Schmatzorgie

Kommentar Präsidentenkür

Das Amt des Bundespräsidenten verkommt immer mehr zur parteipolitischen Profilierungsanstalt: Wer die Kandidatenkür gewinnt, kann bei Land- oder Bundestagswahlen einen besonderen, sonst nicht zu erwartenden Bonus-Effekt erzielen. Ein Kalkül, das bei der FDP ganz klar war: Sie versuchte Farbe zu gewinnen. Ihre politische Bedeutungslosigkeit zwang sie allerdings, die Gemeinsamkeiten mit der CDU zu betonen und das verbliebene Zipfelchen Macht dazu zu nutzen, ein paar Trumpfkarten gegen vorschnelle CDU-Entscheidungen zu schleudern. Ein ebenso notwendiges wie gefährliches Spiel. Man musste verhindern, gar nicht mehr wahr genommen zu werden. Die Gefahr, dass der starke Partner CDU sich einiger Figuren der FDP versicherte und das Personalproblem Westerwelle im Vorübergehen mit lösen würde, war allerdings nicht zu übersehen. Dem sollte mit Schmalz-Jacobsen als Kandidatin entgegen getreten werden.

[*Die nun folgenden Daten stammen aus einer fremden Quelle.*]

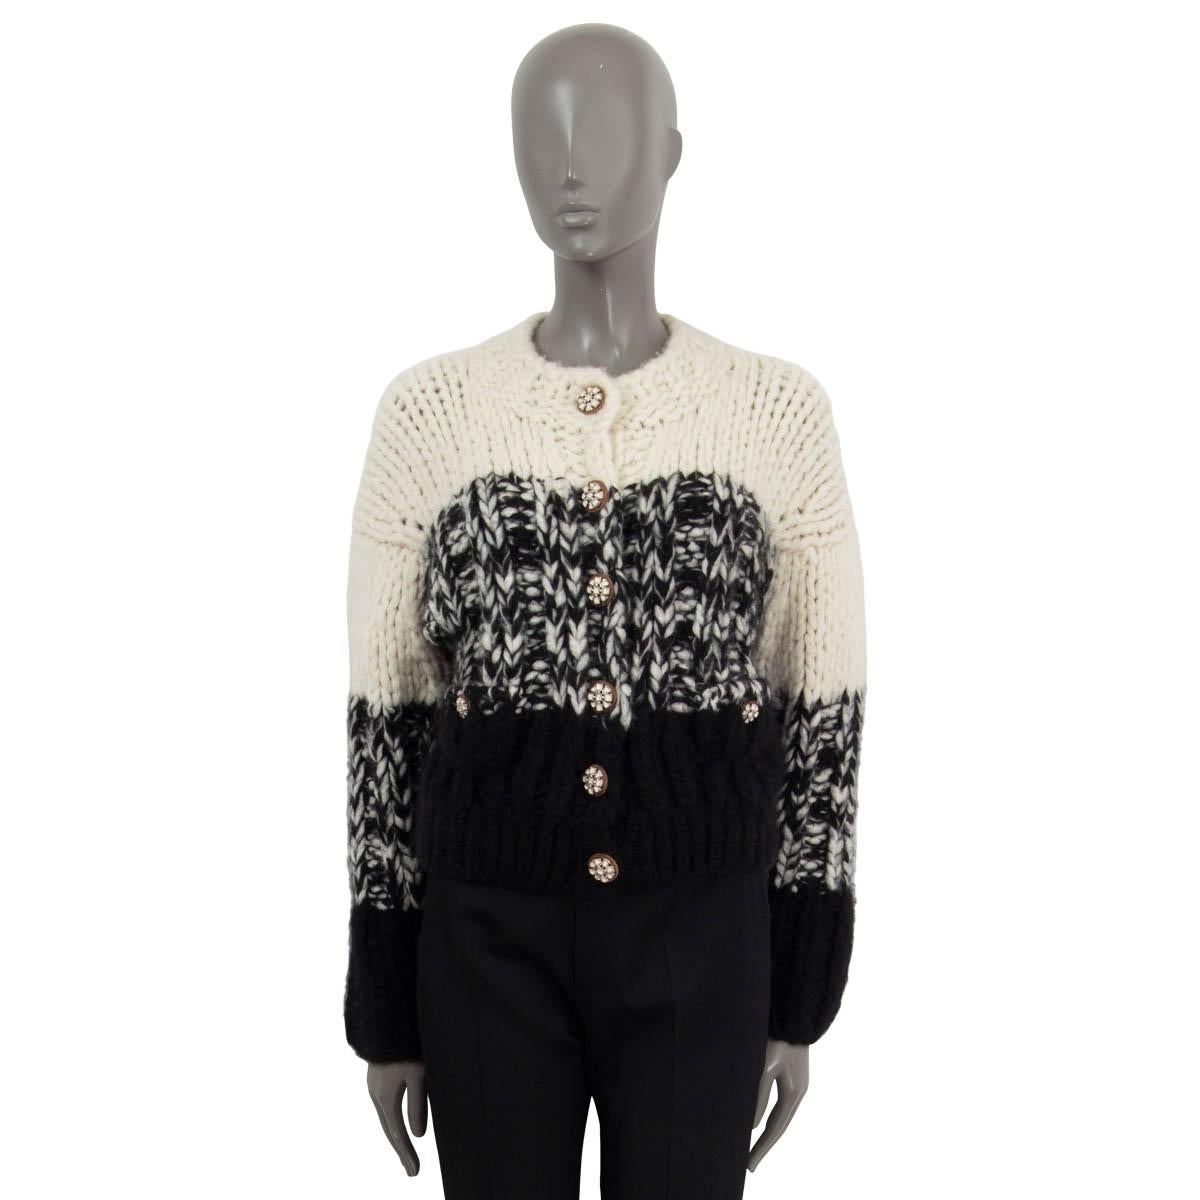 Black CHANEL black & white cashmere 2019 CHUNKY Cardigan Sweater 38 S 19K

Natürlich hatten auch CDU und CSU Ambitionen, die eher mit der eigenen Regierungsübernahme als mit dem Präsidentenamt korrelierten. Wer von den Kandidaten würde nicht nur das Amt gewinnen, sondern gleichzeitig dafür sorgen, dass man sich einiger bislang nicht ausreichend besetzter Politikfelder versichern könnte? Schließlich wuseln nicht gerade Unmengen charismatischer Gestalten durch die Partei, deren Name mit einer Politik verbunden ist, die allseitig bekannt, wenn auch nicht geschätzt sind. Die Weste des Kandidaten Schäuble wirkt durch Affären partiell bekleckert, bei Stoiber gibt es das Problem nicht, der lästige Konkurrent für die Kanzlerwahl lächelte gütig aus dem Olymp.

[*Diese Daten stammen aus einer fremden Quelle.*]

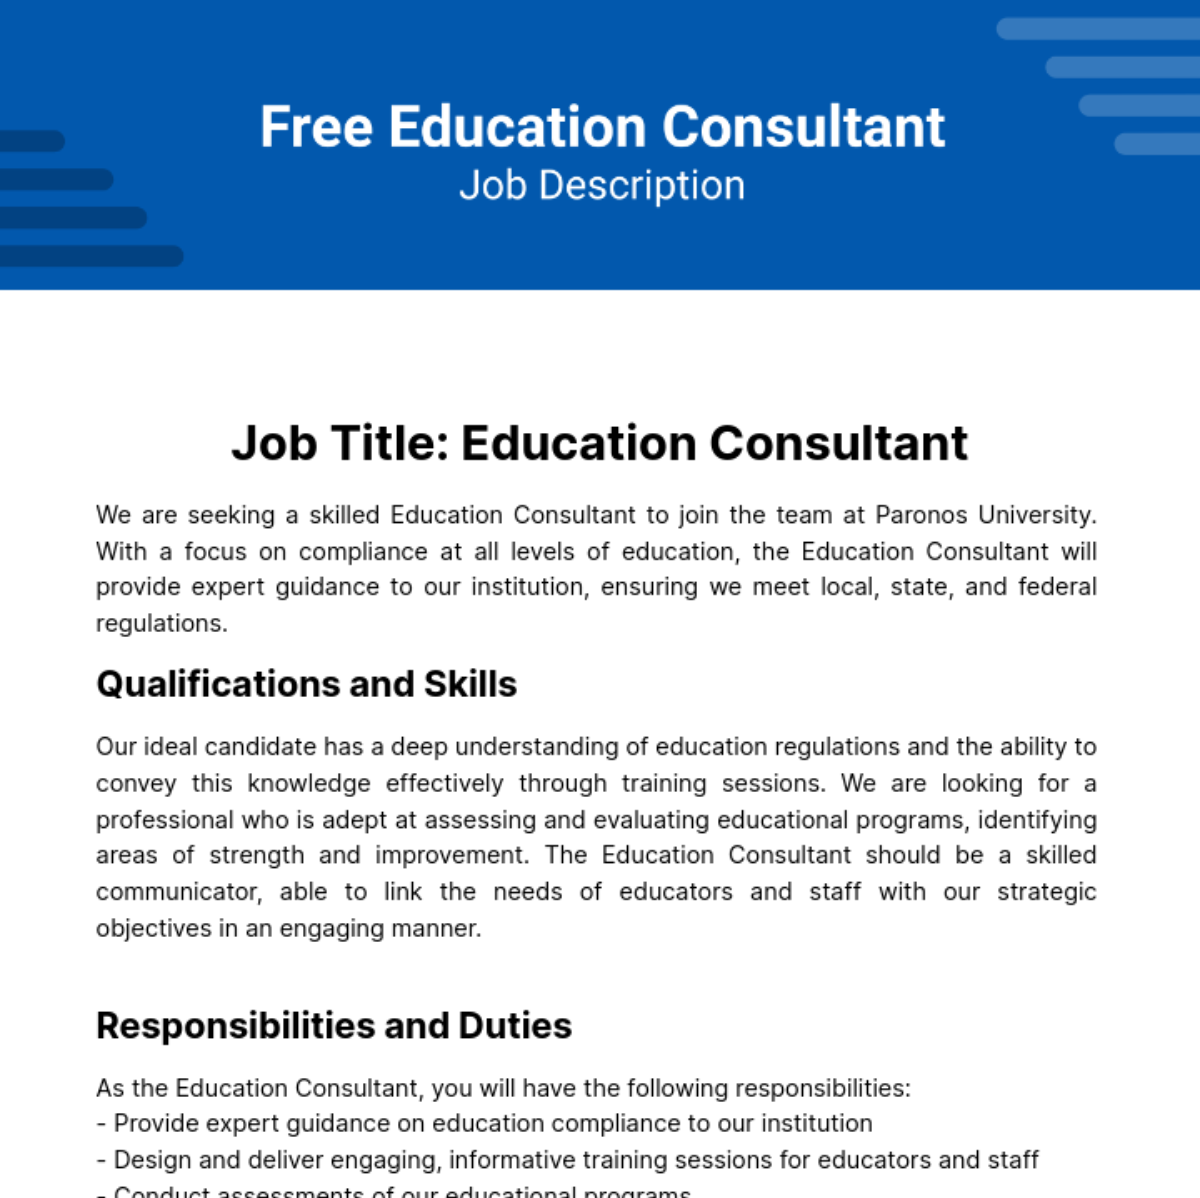 Free Education Consultant Job Description Template

Großstädte waren bislang nicht eben Hochburgen christlicher Politik. Ein Defizit, das in der innerparteilichen Kandidatendebatte Anette Schavan noch oben spülte. Denn der Ruf nach einer Frau als Präsidentin hatte wenig mit Gleichbehandlung der Geschlechter, dafür viel mit kalter Überlegung zu tun: Auch die Frauen wurden daraufhin gecheckt, wie hoch der politische Gewinn für die nominierende Partei sein würde. Die SPD hingegen verhielt sich wie eine sprungbereite Katze: Wir haben zwar keine Chance, in der Not aber schnellen wir aus der Lauerstellung heraus und stellen die entscheidenden Weichen.

Ob die Kandidaten die allgemeine Schmatzorgie schadlos überstanden haben, wird sich später herausstellen. Wer allerdings nach dieser Woche weiterhin davon spricht, das Amt sei ein im Wesentlichen unpolitisches, verkennt, dass das parteipolitisch getriebene Nominierungskarussell sich nur deshalb so wild drehte, weil vehement politische Fragen über das Personenprofil voraus bestimmt werden sollten. Es geht nicht darum, per Wahlmann einem Wählerauftrag nachzukommen, sondern Weichen für eine die eigene Partei begünstigende Politik zu stellen.